Using Dask with fMKS

fMKS is currently being developed with Dask support. Currently the generate_cahn_hilliard_data function generates data using Dask. This is an embarrisegly parallel workflow as typically for MKS many Cahn-Hilliard simulations are required to calibrate the model. The following is tested using both the threaded and multiprocessing schedulers.
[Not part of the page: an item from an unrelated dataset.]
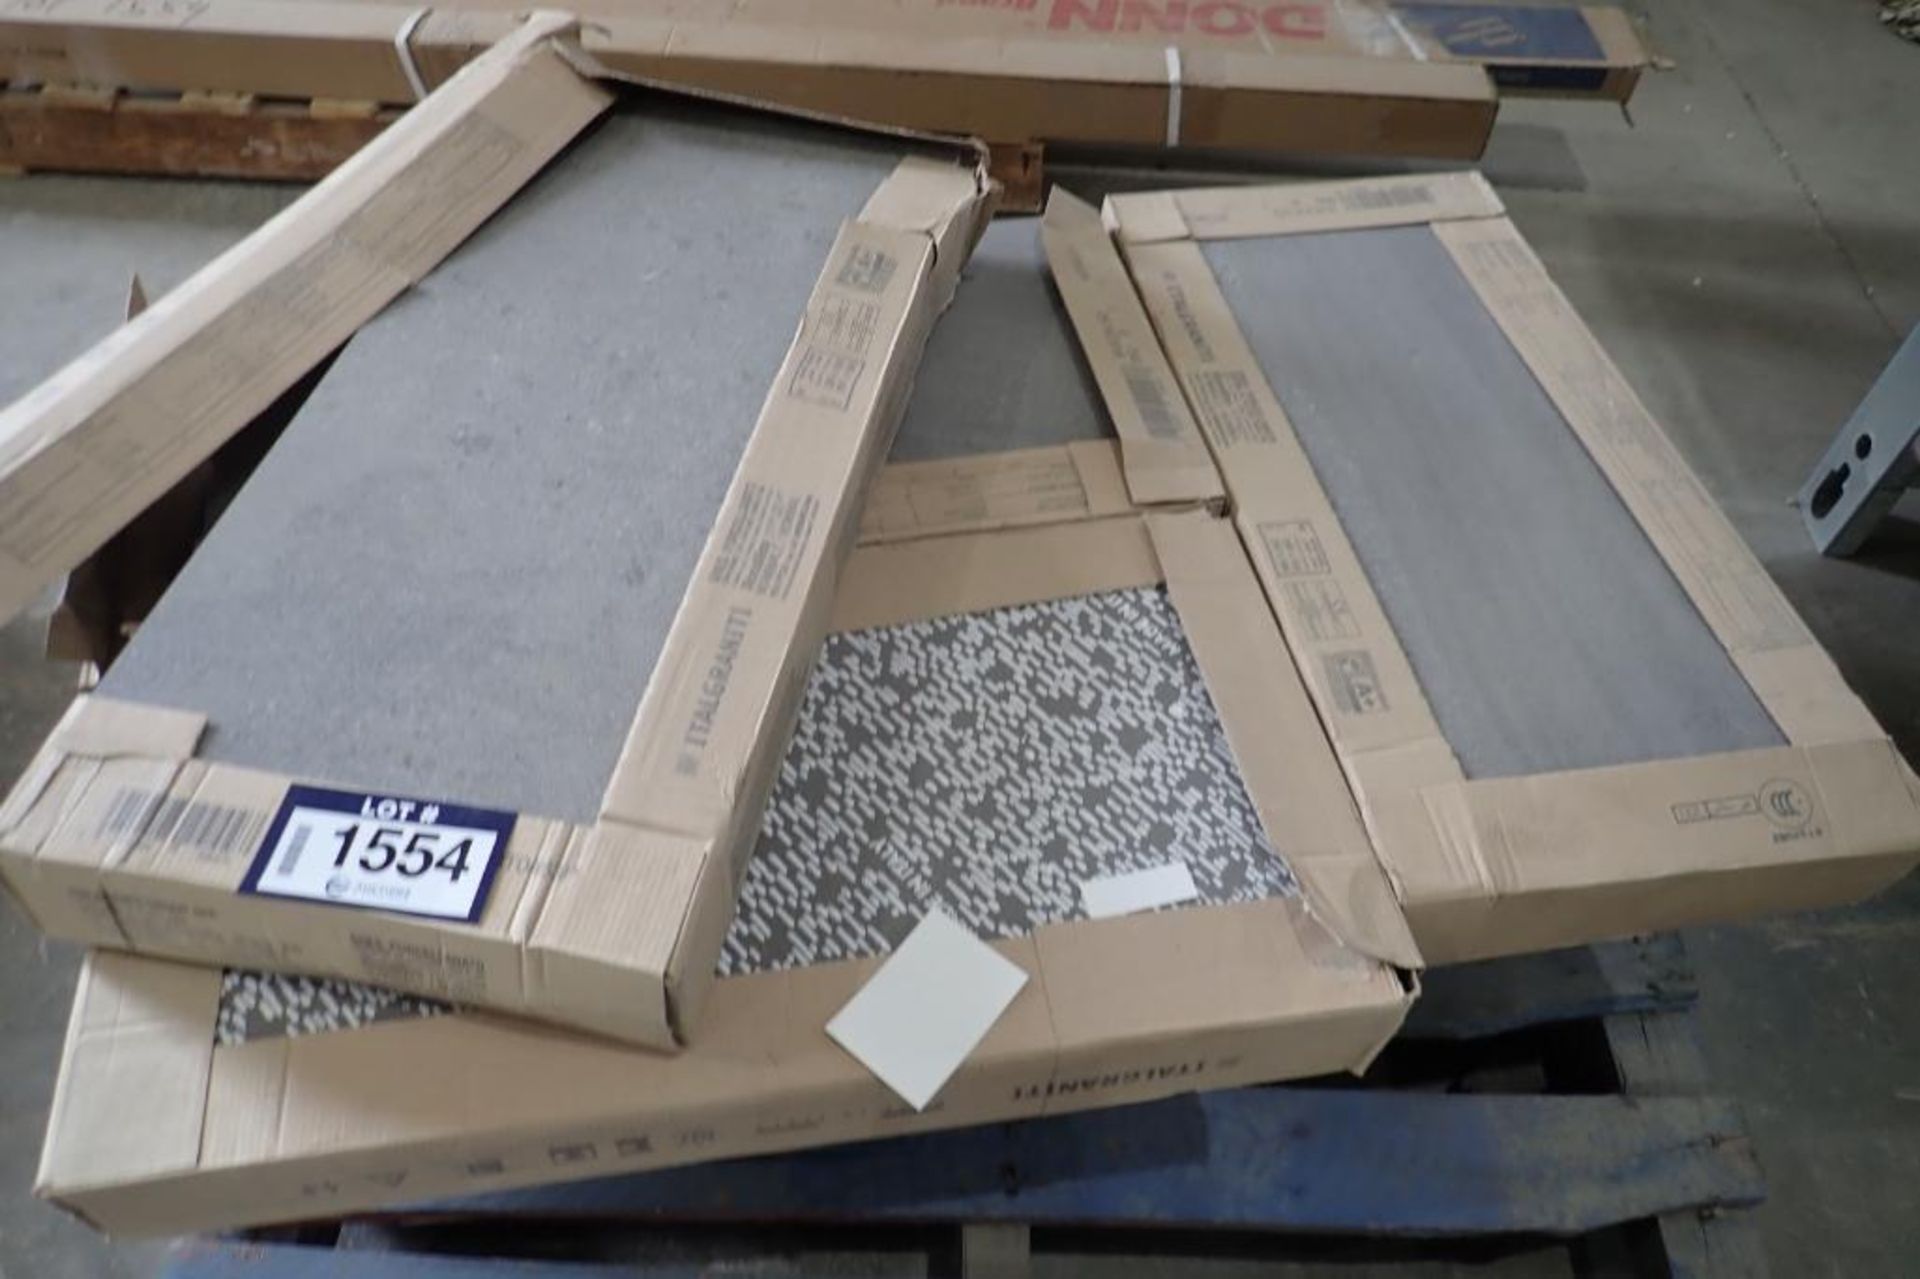 Lot of Asst. Flooring, Doors, Threaded Rod, Heavy Duty Nuts and Bolts, Galvanized Sheeting, Donn Cei - Image 2 of 7

Currently the author can not get the distributed scheduler working.


In [15]:
import numpy as np
import dask.array as da
from fmks.data.cahn_hilliard import generate_cahn_hilliard_data
import dask.threaded
import dask.multiprocessing

The function time_ch calls generate_cahn_hilliard_data to generate the data. generate_cahn_hilliard_data returns the microstructure and response as a tuple. compute is called on the response field with certain number of workers and with a scheduler.


In [10]:
def time_ch(num_workers,
            get,
            shape=(48, 200, 200),
            chunks=(1, 200, 200),
            n_steps=100):
    generate_cahn_hilliard_data(shape,
                                chunks=chunks,
                                n_steps=n_steps)[1].compute(num_workers=num_workers,
                                                            get=get)

Threaded Timings


In [13]:
for n_proc in (8, 4, 2, 1):
    print(n_proc, "thread(s)")
    %timeit time_ch(n_proc, dask.threaded.get)


8 thread(s)
1 loop, best of 3: 7.15 s per loop
4 thread(s)
1 loop, best of 3: 9.87 s per loop
2 thread(s)
1 loop, best of 3: 17.9 s per loop
1 thread(s)
1 loop, best of 3: 33.6 s per loop

Multiprocessing Timings


In [16]:
for n_proc in (8, 4, 2, 1):
    print(n_proc, "process(es)")
    %timeit time_ch(n_proc, dask.multiprocessing.get)


8 process(es)
1 loop, best of 3: 6.41 s per loop
4 process(es)
1 loop, best of 3: 9.24 s per loop
2 process(es)
1 loop, best of 3: 17.6 s per loop
1 process(es)
1 loop, best of 3: 34.2 s per loop